The Pretty Things' first album was one of the most fun of 1965—primitive tornthroat blues utilizing the same "Can I Get a Witness" beat in every song. One looked forward to this one because they are a thrillingly ragged blues band with none of the usual snobbery. What a surprise, then, to find an ultra-pretentious concept album, complete with strained "story" (A Man's Life from rural birth to Prodigal's Oliver Twist freakout), like some grossly puerile cross between the Bee Gees, Tommy, and the Moody Blues, who should be shot for what they've done to English rock lyrics: "On a dark and windswept street/The faces I see of the people I meet/With their eyes they build a shrine/That takes me back to the forest of my mind."
Yes fare much better—a fine, developing group.

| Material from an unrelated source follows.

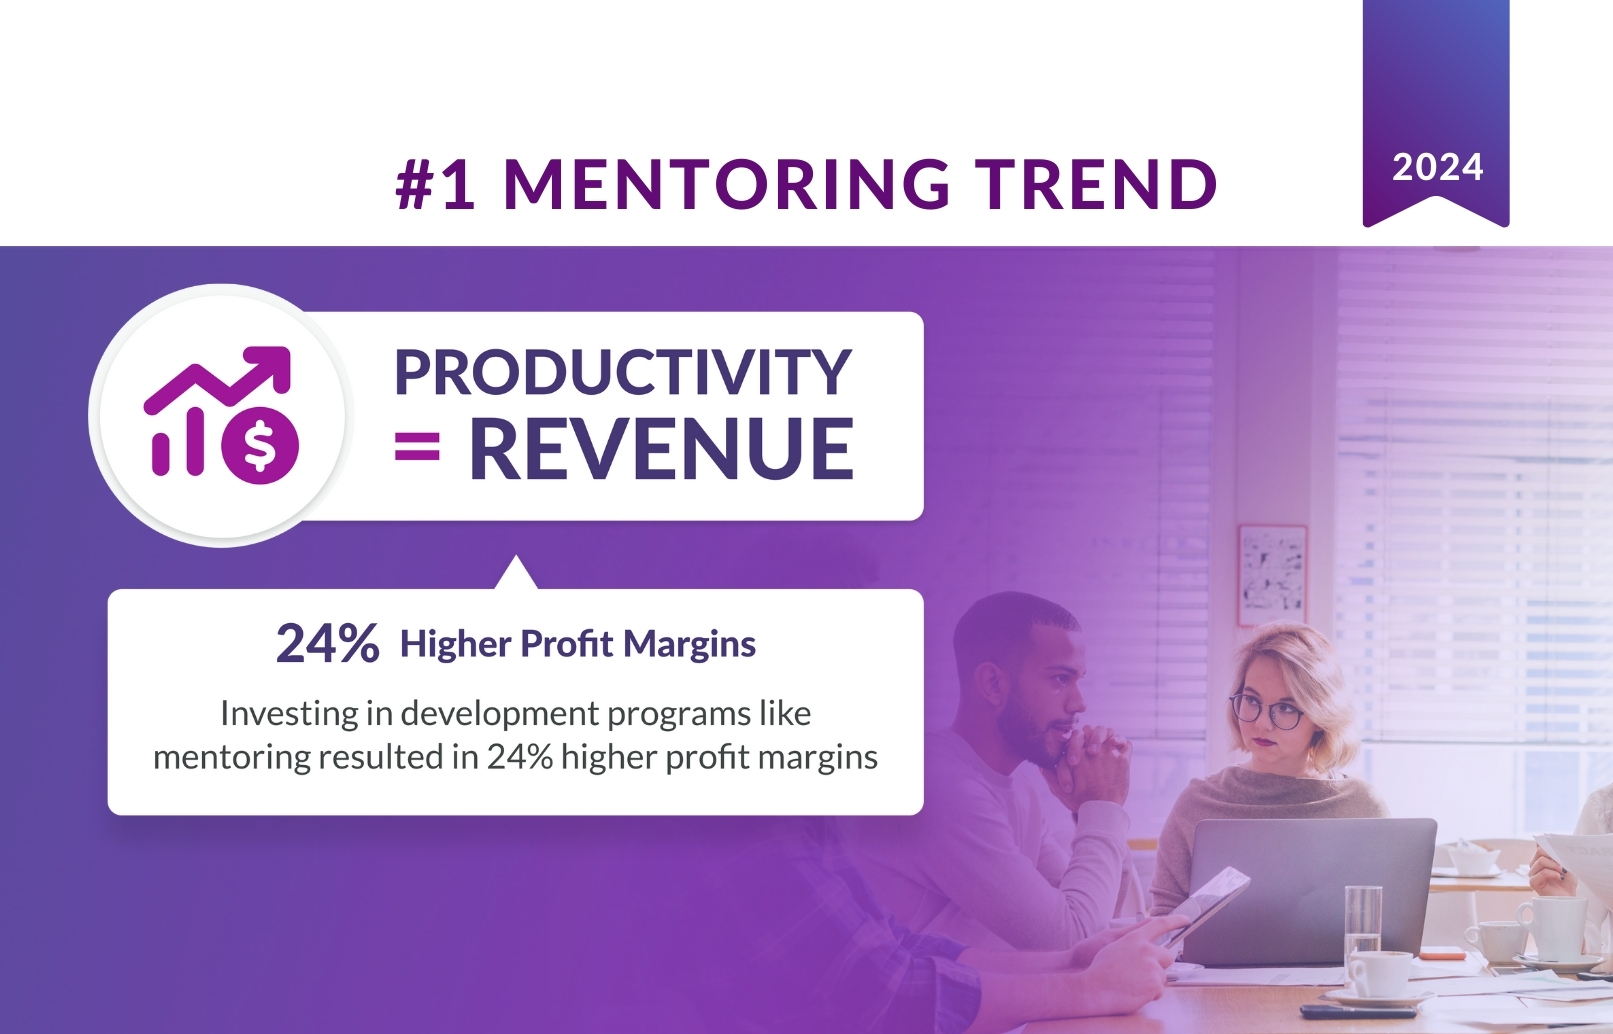 2024 Mentoring Trend: Boosting Productivity with Mentoring

Their sound seems to be a mix of several of the most currently popular approaches, notably Crosby, Stills and Nash (vocally) and Vanilla Fudge (instrumentally). Unlike the Fudge, they have a sense of style, taste and subtlety, and the record is a pleasurable one, if a bit familiar-sounding. Their version of the Byrds' "I See You" is especially nice, although none of their own compositions are very memorable. This is the kind of album that sometimes insinuates itself into your routine with a totally unexpected thrust of musical power.
Because all of it is excellently done: brisk fuzz leads, whirring bass, a bit of the Beatles vocally, a touch of Wes Montgomery in the guitar solos—a definitive album, in fact, in the prevalent style of "hip" groups over the past two years. The only trouble is that there are hosts of American bands (and presumably British as well) who are into the same bag with equal facility and taste. The excitement of true innovation is missing—which may not be a valid criticism, since most rock is folk music anyway, but that's what makes albums like this one so much less arresting than many others.